Танкер «Дербент» - Юрий Крымов
Шрифт:
Интервал:
Закладка:
Зыбь на море, ветер искры несет, а они подошли и взяли. Аи моряки! Танкер «Узбекистан» затонул, вот жалко, но… люди важнее.
– Там есть обгоревшие, – сказала Муся тихо, – может быть, они… как ты думаешь?
– Ничего, вероятно, обожглись немного. Послушай, да кто он такой, этот Басов?
– Ты же знаешь. Механик.
– Странно. Почему не капитан подписал радио? Ну, все равно. Это же замечательно! «Верните спасательное судно». Вот они, наши моряки! Ты гордишься, Муська?
– Да. Только там есть обгоревшие. Я боюсь.
– Эх ты, заладила – боюсь.

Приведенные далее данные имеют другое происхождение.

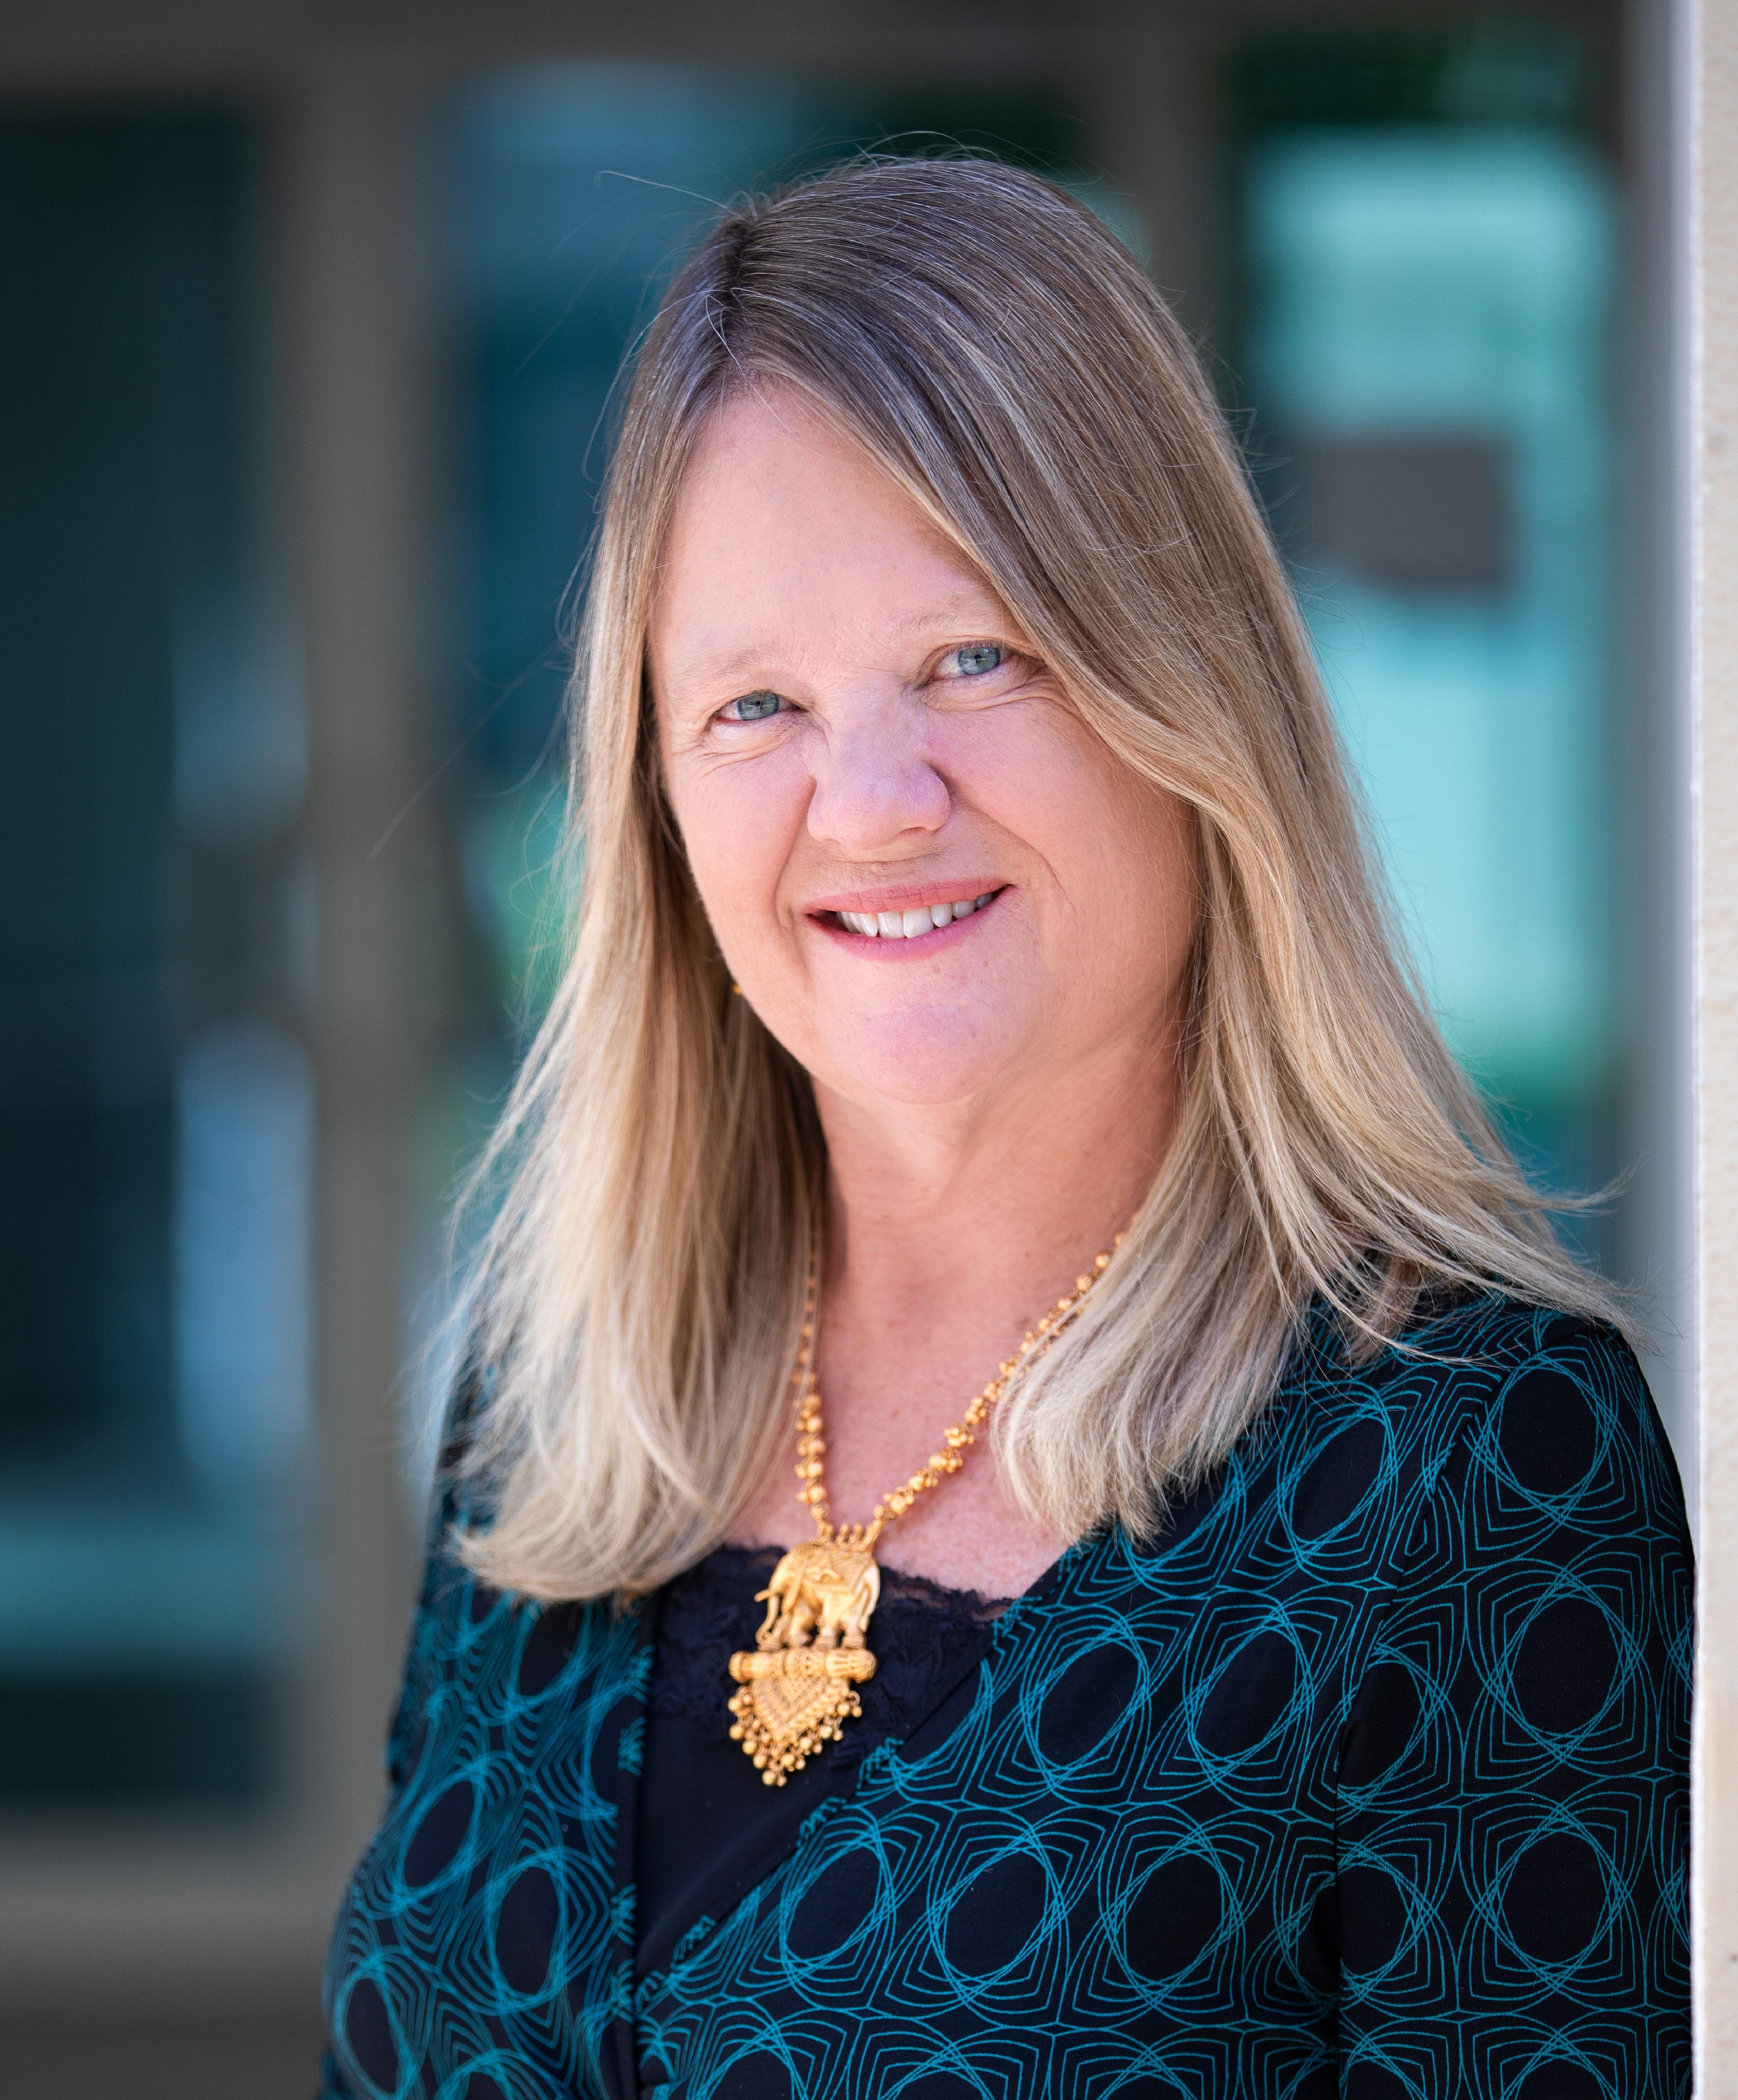 4 Best Online Teaching Strategies for Quantitative Subjects - Dr. Monica Gallant writes in Edarabia

Эх, Муська, это такие ребята, такие…
Он счастливо улыбнулся и возбужденно ерошил волосы.
Глядя на него, начала улыбаться и Муся. Потом он вдруг посмотрел на журнал и задумался.
«Только почему же они ушли сначала, – спросил он себя в десятый раз, – сначала ушли, потом вернулись?»
КОМАНДИРЫ
1
Подобно многим старым морякам, Евгений Степанович Кутасов был суеверен. По весне, выезжая под парусом на взморье ловить рыбу, он оставлял на песке щепоть табаку, чтобы не потерять снасти. Когда лодка попадала в полосу штиля и парус тряпкой обвисал на рее, Евгений Степанович посвистывал тихонько сквозь зубы, вызывая ветер.

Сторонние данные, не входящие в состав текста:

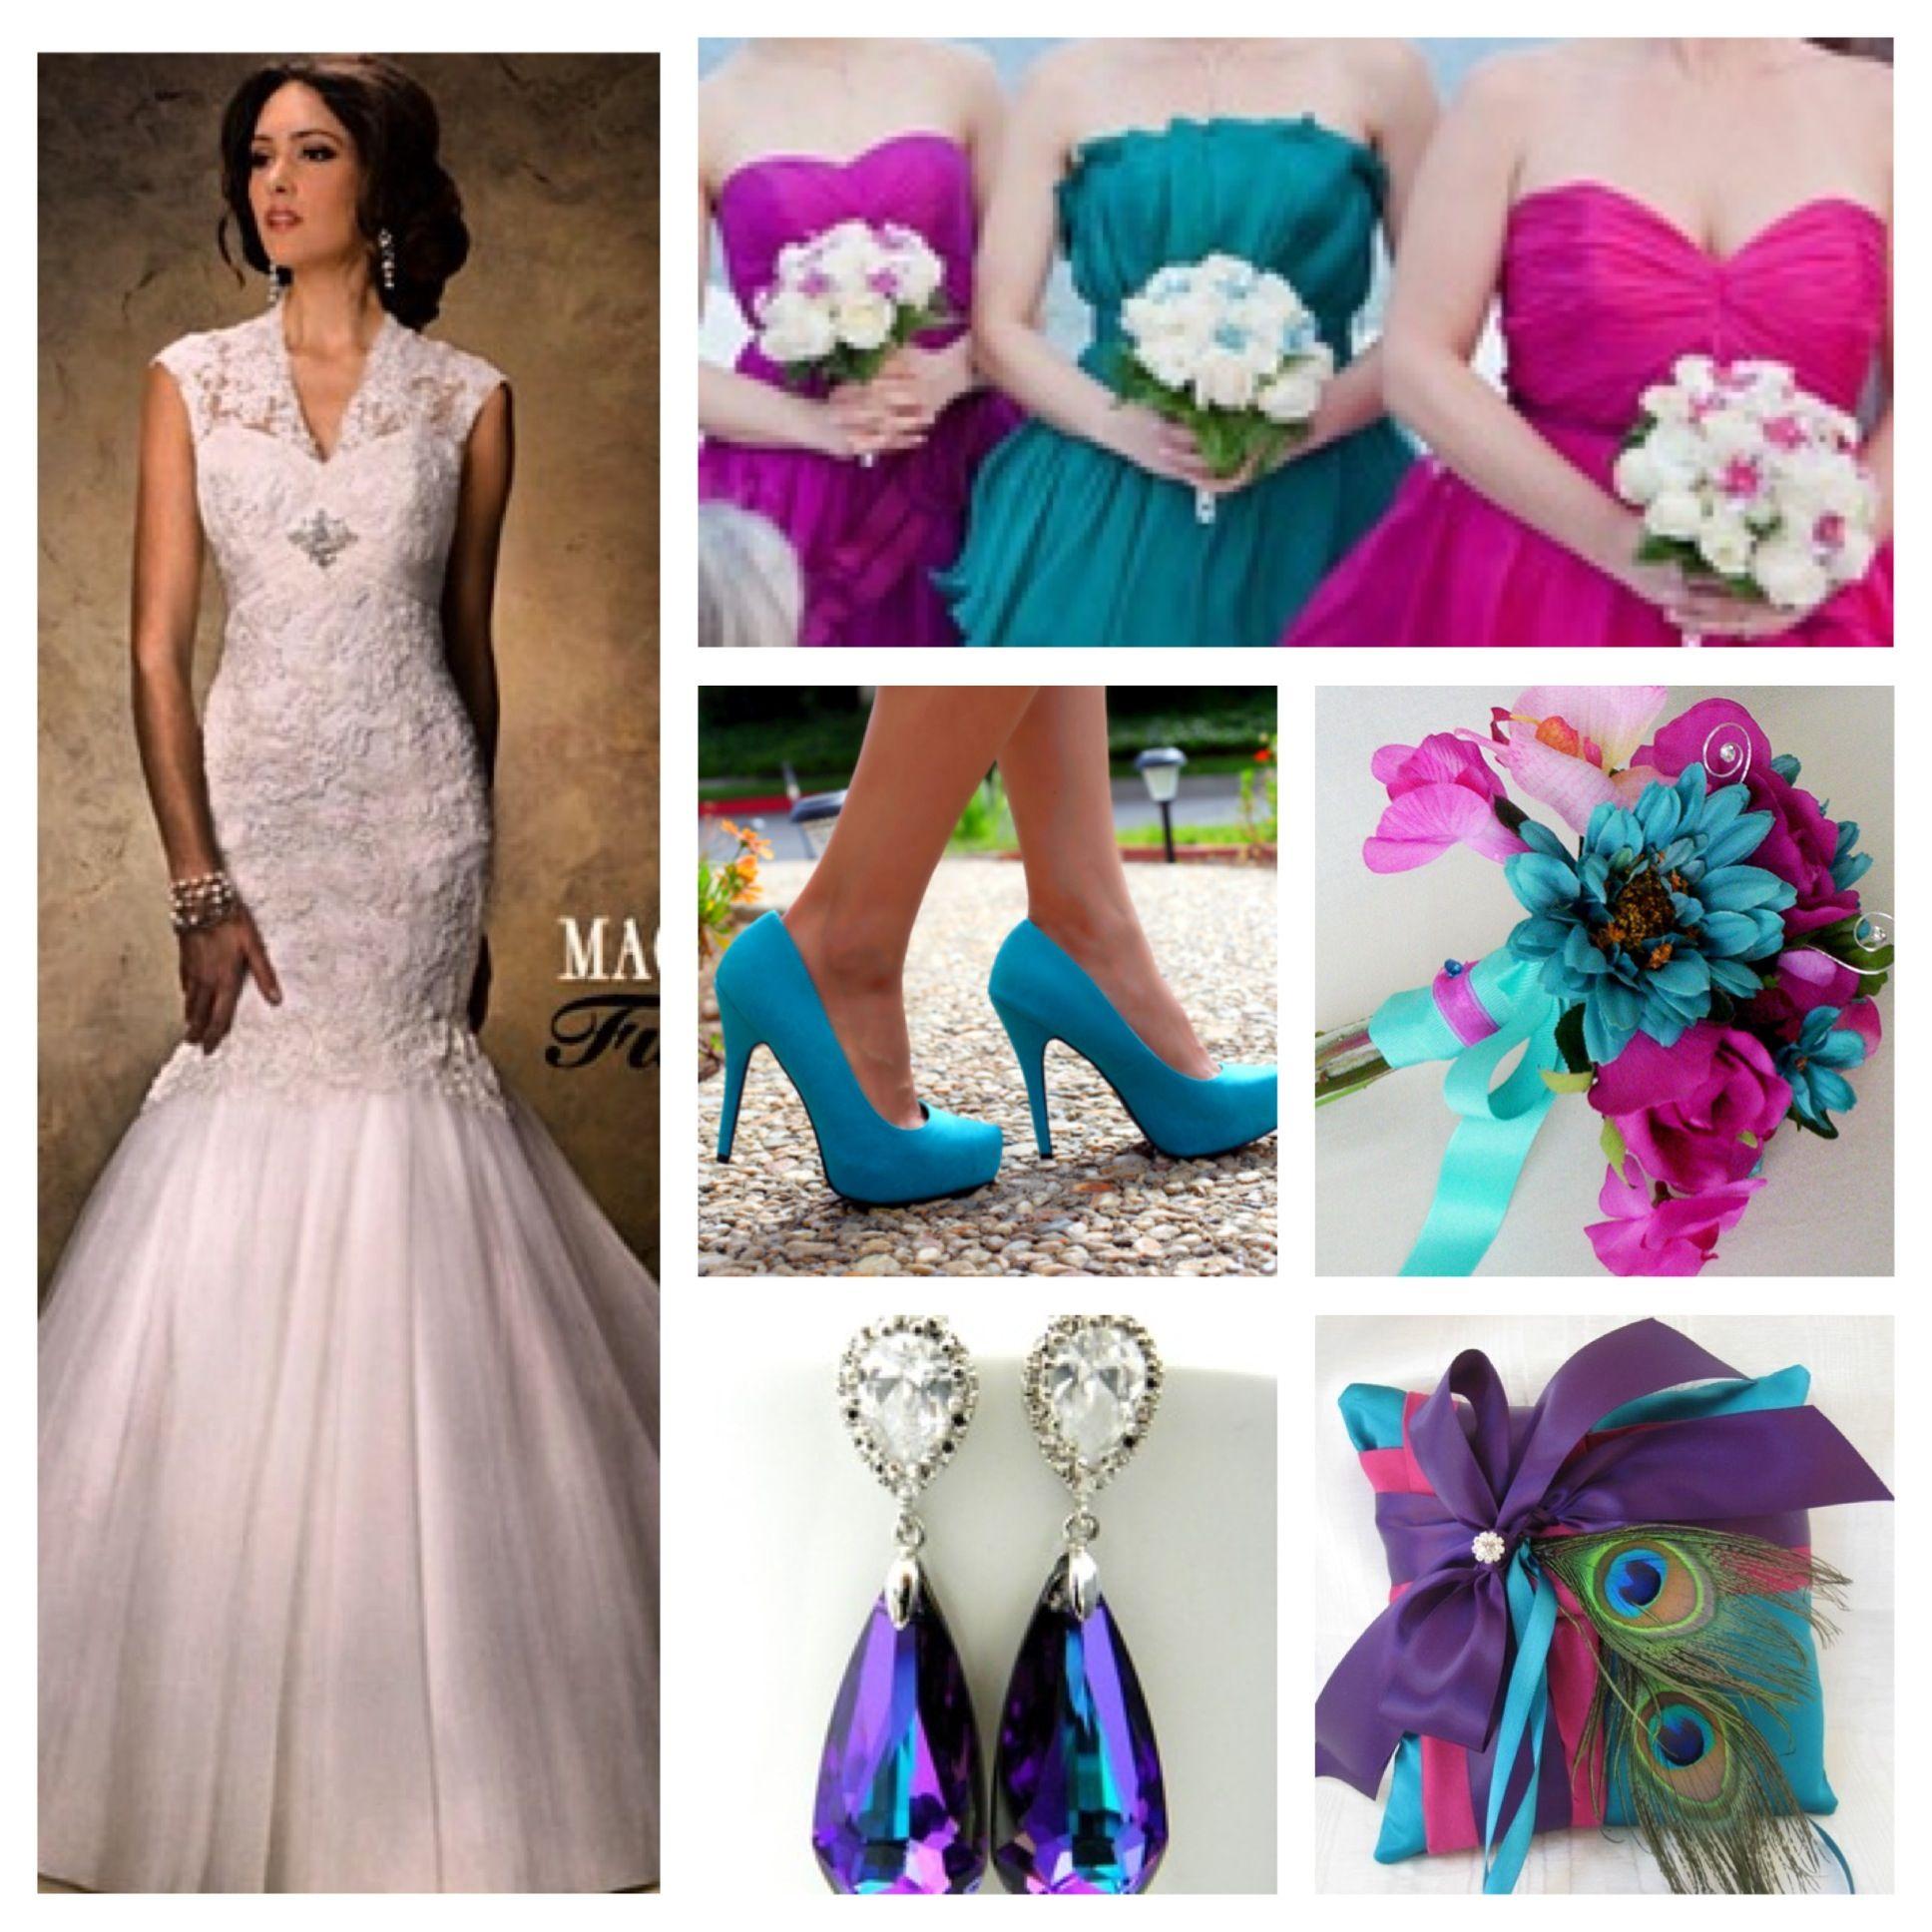 Teal And Fuchsia Wedding Colors: #teal #purple #fuschia #wedding

Иногда ветер действительно приходил и надувал пузырем парус. Лодка кренилась и бежала резво. Евгений Степанович не торжествовал и не задумывался, – пришел ветер – и ладно. А иной раз сверкающее зеркало штиля простиралось до самого горизонта, сливаясь с раскаленным небом, и никакой свист не мог вызвать даже самого легкого колебания воздуха. Тогда Евгений Степанович, не унывая, брался за весла.

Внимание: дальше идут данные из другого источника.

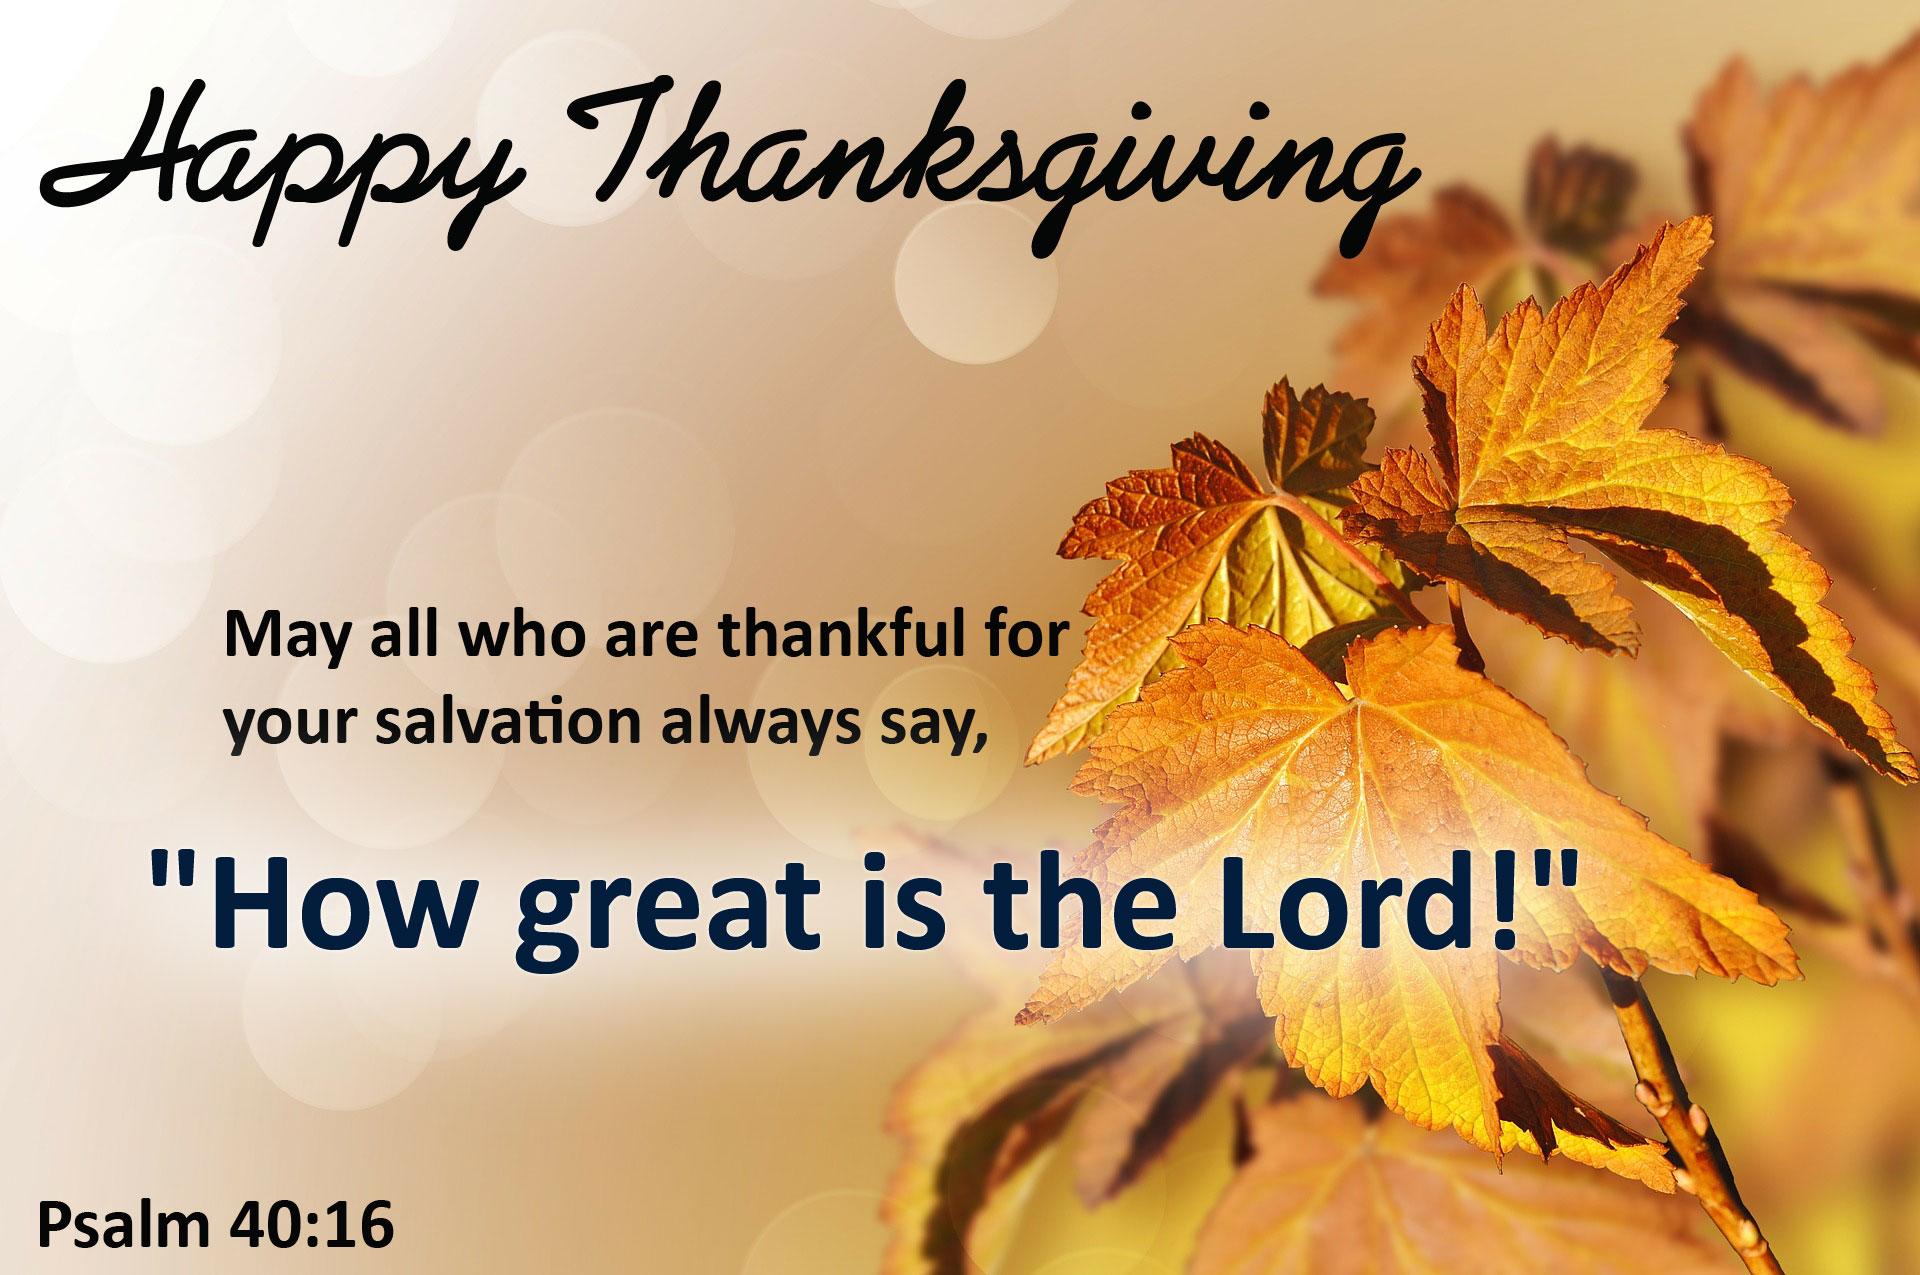 thanksgiving2014 1920x1275

Одинокие поездки были любимым развлечением капитана Кутасова. Останавливаясь с пожилыми штурманами буксиров у пивной стойки, капитан Кутасов любил потолковать о своей прежней профессии. Сам он давно оставил плавание и служил в отделе учета Каспийского пароходства. Служба была спокойная, и шестичасовой рабочий день уютно укладывался между длинными ящиками карточек, набитых залежалыми сведениями о прошлогодних перевозках. Окна комнаты были обращены к морю. Голубая полоска рейда над плоскими крышами курилась дымками судов. Жужжание вентилятора, очищавшего воздух от архивной пыли, напоминало ему гул паровой машины, еле различимый на капитанском мостике корабля.
Но бывало и другое. Выезжая по выходным дням на взморье, провожал он глазами уходящие в море суда, пока не таял на горизонте кудрявый прозрачный дымок. Тогда кидал он взгляд на берег, отделенный от него узкой полосой нечистой воды, и испытывал смутное сосущее чувство, похожее на тоску по родному месту. Но воспоминания таили в себе опасность, и он боялся заглядывать в свое прошлое…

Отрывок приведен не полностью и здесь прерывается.